((

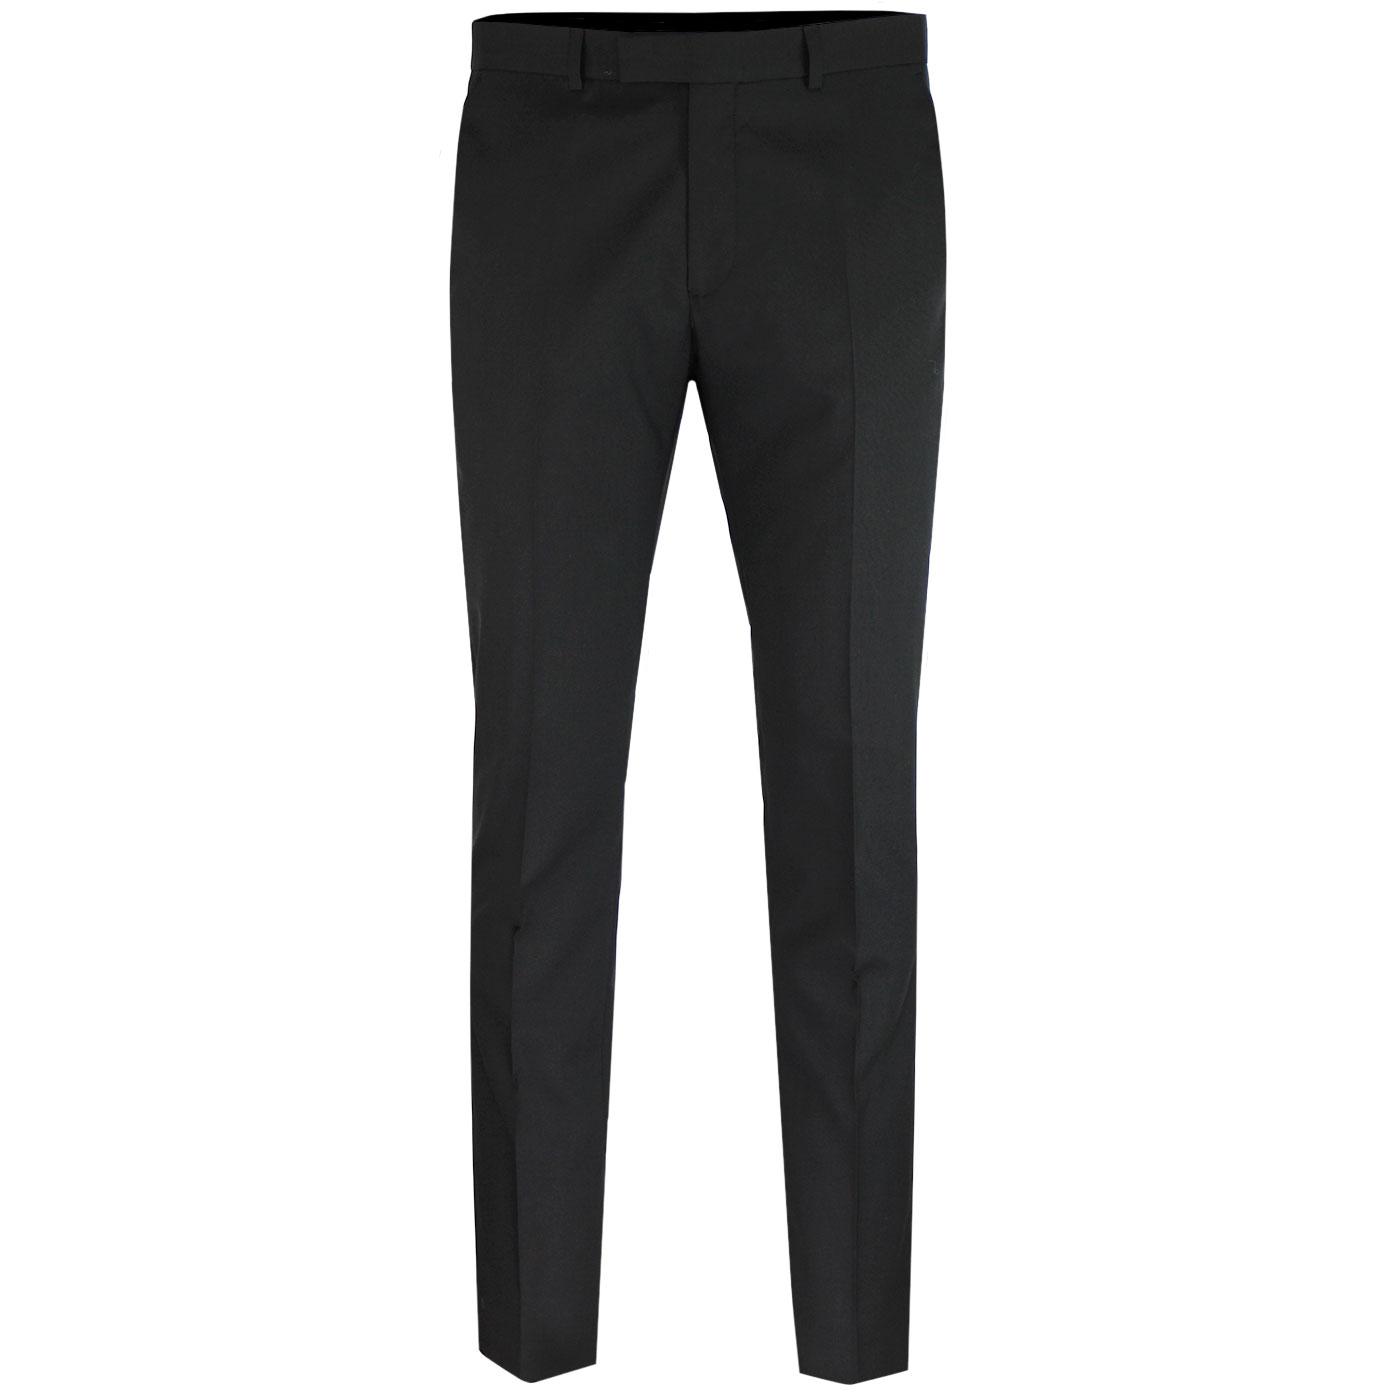 BEN SHERMAN Tailoring 1960s Mod Tonic Suit Trousers Black
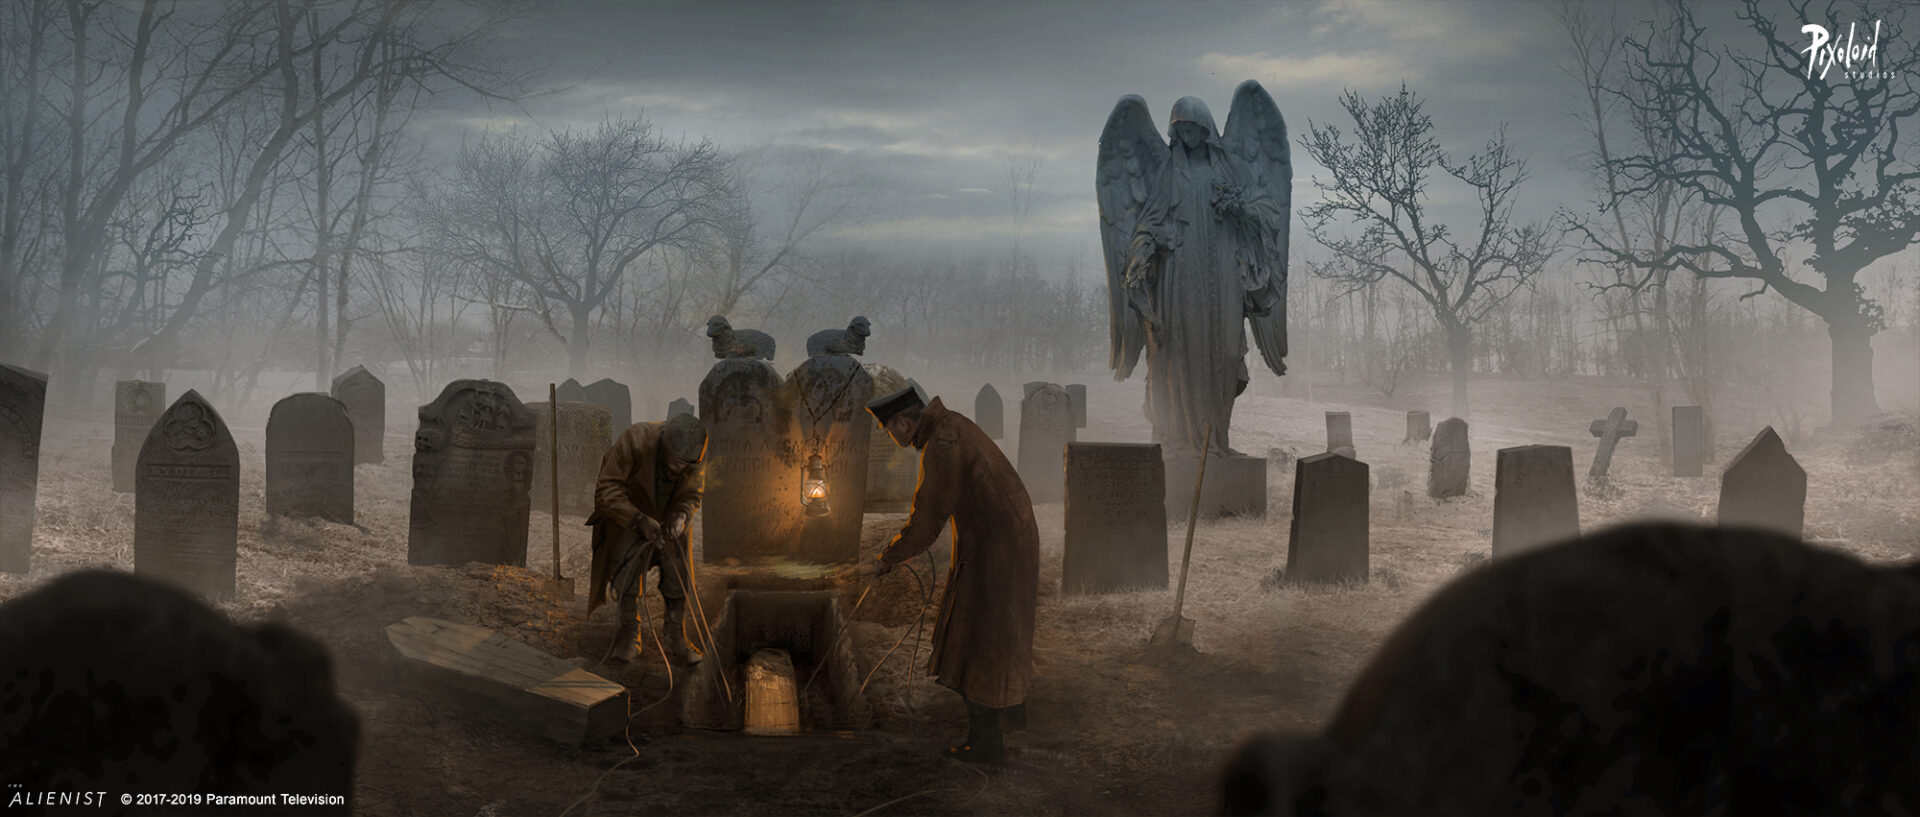 Graveyard / Zweig Twins Exhumation - Keyframe concept for The Alienist
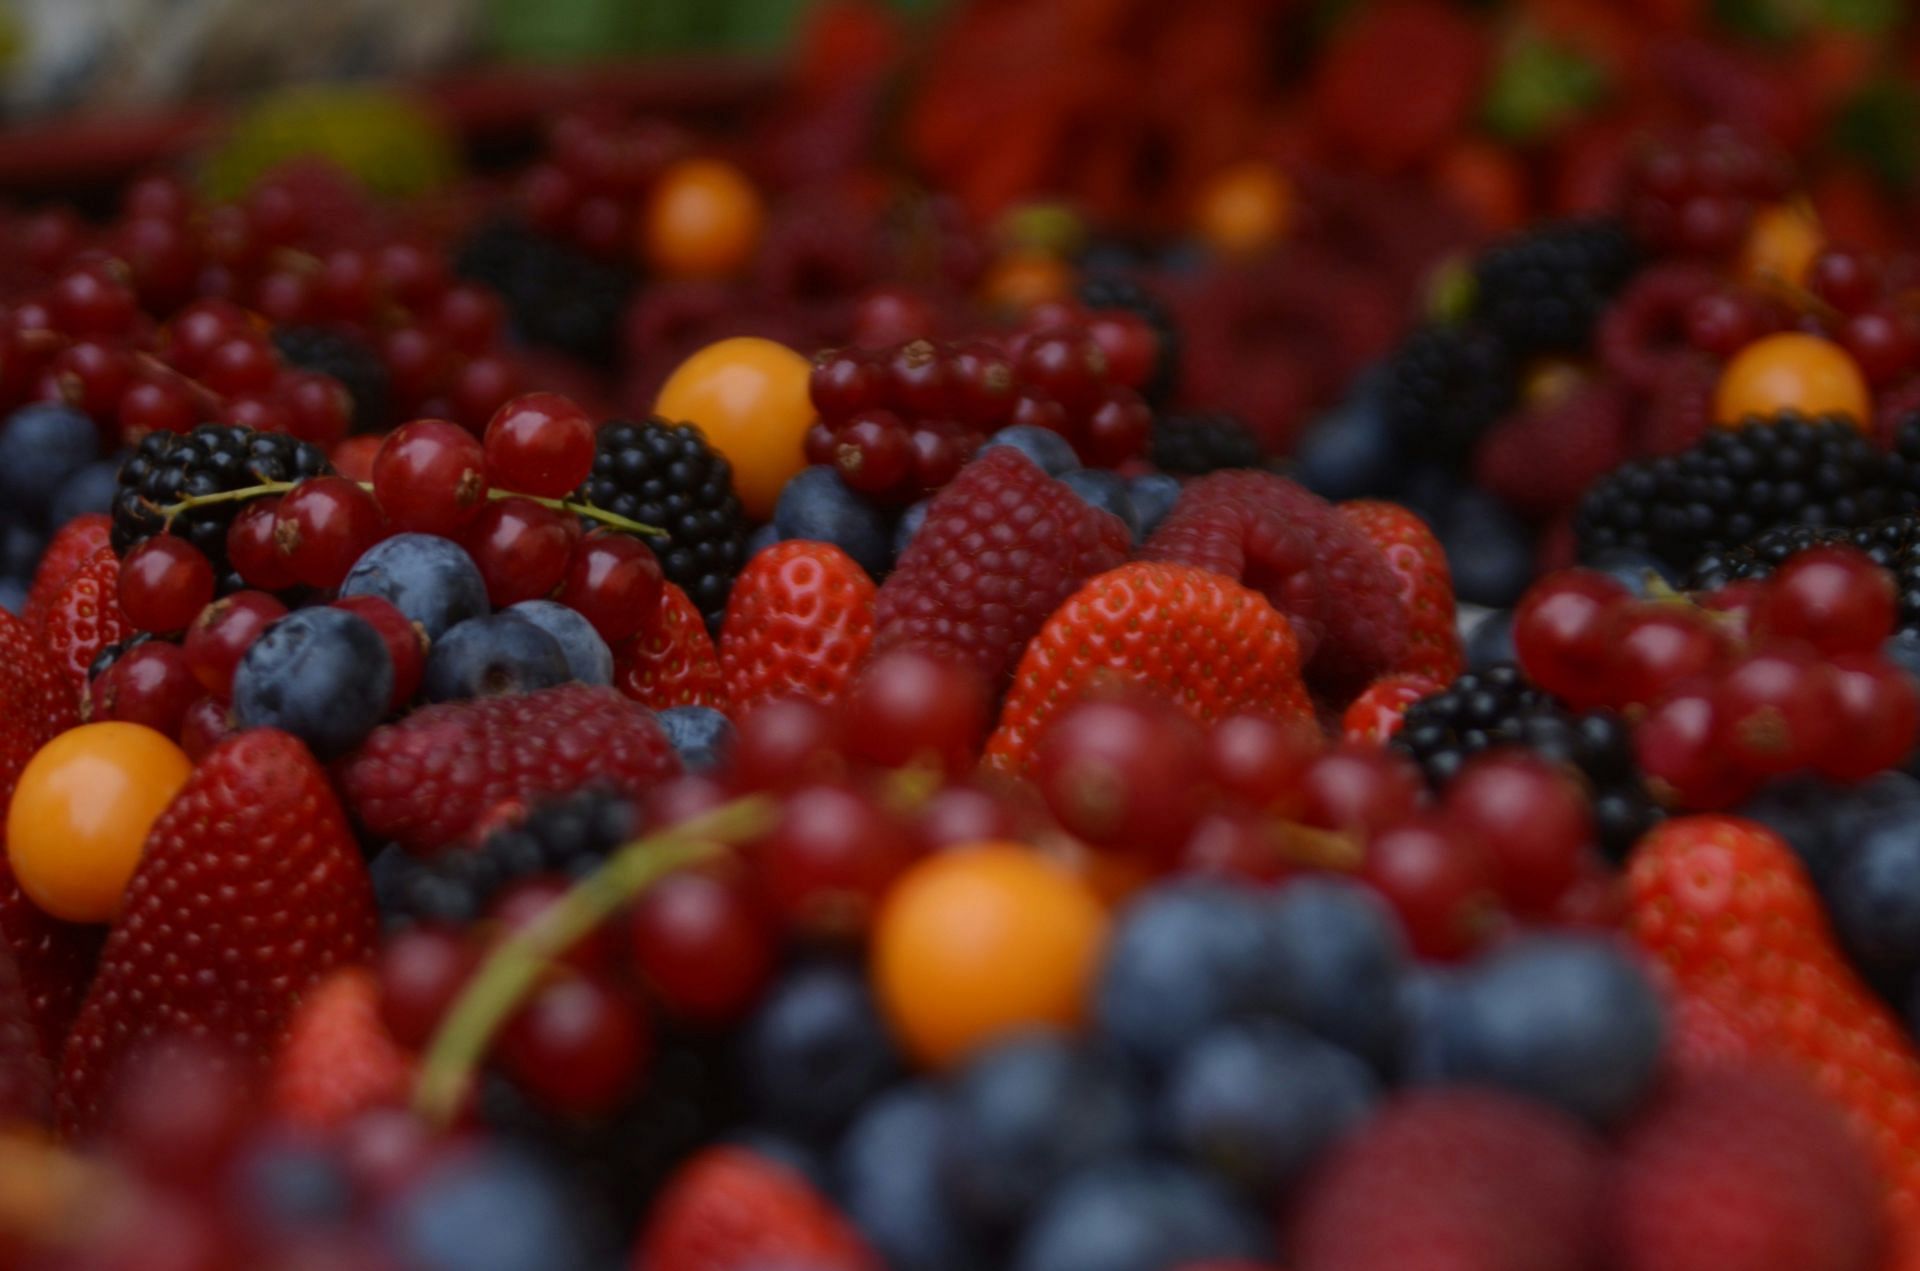 The fruit looks similar to a berry (Image by Karoline Stk/Unsplash)
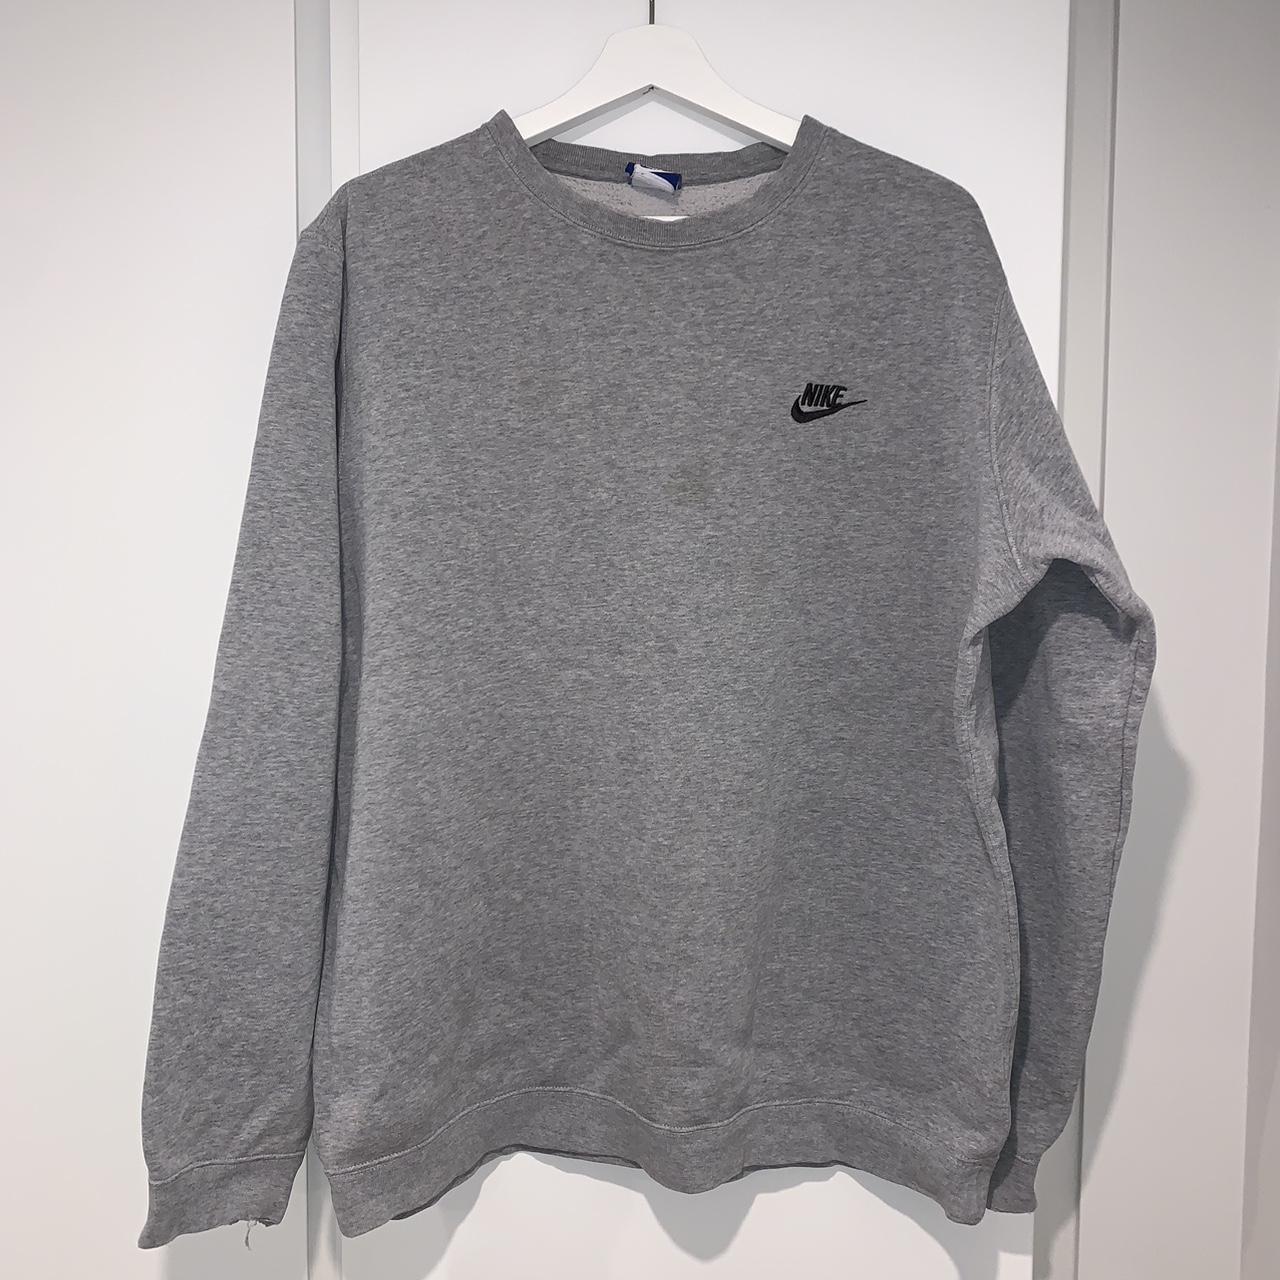 Grey Nike sweater - Depop

))

*The task*
Only the pictures stay out; everything else in the listing above must be repeated exactly.

*Finished task*
 BEN SHERMAN Tailoring 1960s Mod Tonic Suit Trousers Black
 Graveyard / Zweig Twins Exhumation - Keyframe concept for The Alienist
 The fruit looks similar to a berry (Image by Karoline Stk/Unsplash)
 Grey Nike sweater - Depop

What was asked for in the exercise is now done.